As described by our Smart Parenting Village moms, pushing a baby out is like pushing the biggest — sorry for the word — poop ever (while you have that constipated feeling). To give you an idea on how to push a baby out, here are some of the tips from real moms.
Relax your body and thighs, and focus your energy in your rectum and vagina.
Tucking in your chin to your chest or looking at your navel can help you focus your pushes.
Don't strain your upper body to avoid chest pains or your face to prevent any black and blue marks on the cheeks or bloodshot in the eyes.
Take one or two deep breaths and then push during the same time you're having a contraction, or when your contraction peaks. Pushing should aid your baby, not dictate the pace.
Be aware of your contractions, but don't worry, the doctor will tell you when to get ready and when to push. It's the same with preggos who've had an epidural.

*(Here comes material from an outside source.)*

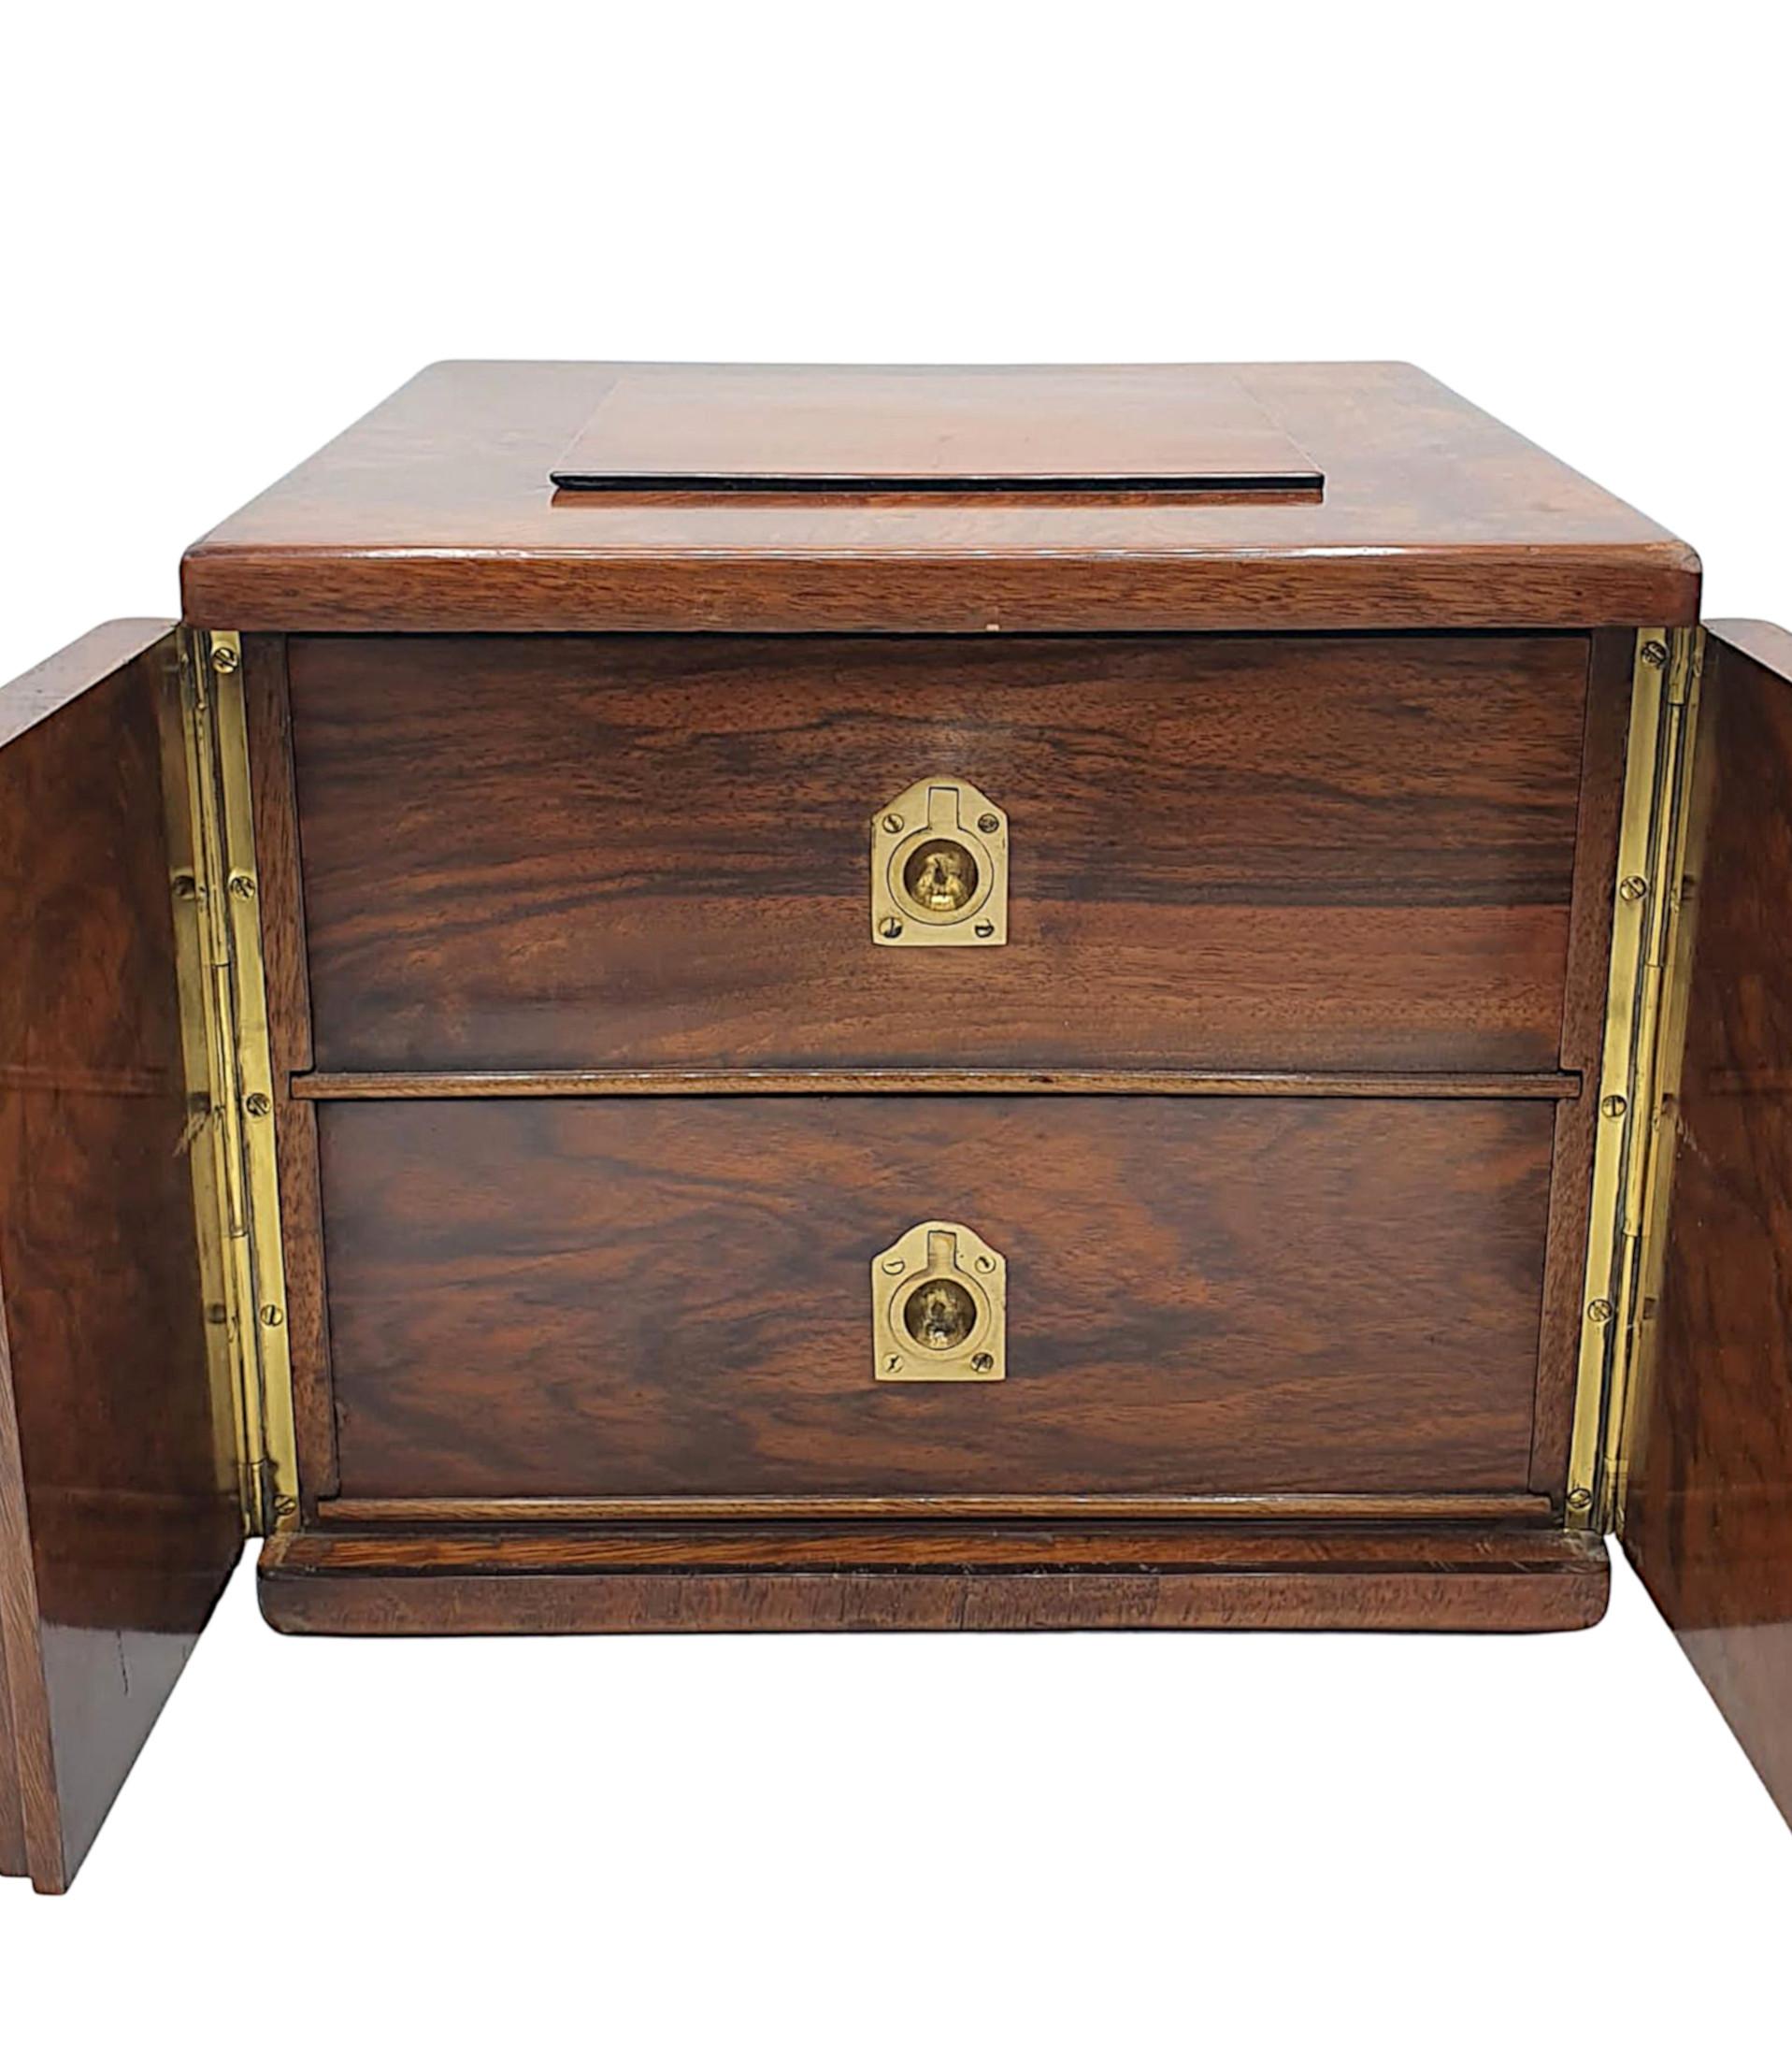 A very fine 19th century burr walnut cigar box of square form, the moulded top raised over a pair of brass hinged doors opening to reveal two cockbeaded drawers with fitted interiors and mounted with flush brass pulls. The sides of cigar box also

If birth isn't progressing, try a different position when pushing a baby out. Try to lift your pelvis right before pushing and giving it your all.
If your doctor is counting down from 10, don't stop pushing till the countdown is done.
Rest in between contractions. Your doctor may let you skip pushing during a contractio, so you can gather your strength for the next one.
Are you doing it right?
Most moms swear that you'll know how to push the baby out when the time comes. If you're still doing it wrong then, your doctors are there to help you.
Yes, you might involuntarily poop or pee as you birth your baby, but that's normal, so don't worry about it. Don't let the potential embarrassment hinder you from pushing progress (besides, at this point, shyness will quickly go out the window).
Some newborns end up with heads that have a cone shape — don't worry, it's not going to stay that way! If you couldn't push efficiently, the baby can end up partially going in and out of the cervix. Then again, some interventions can be done to help you deliver the baby.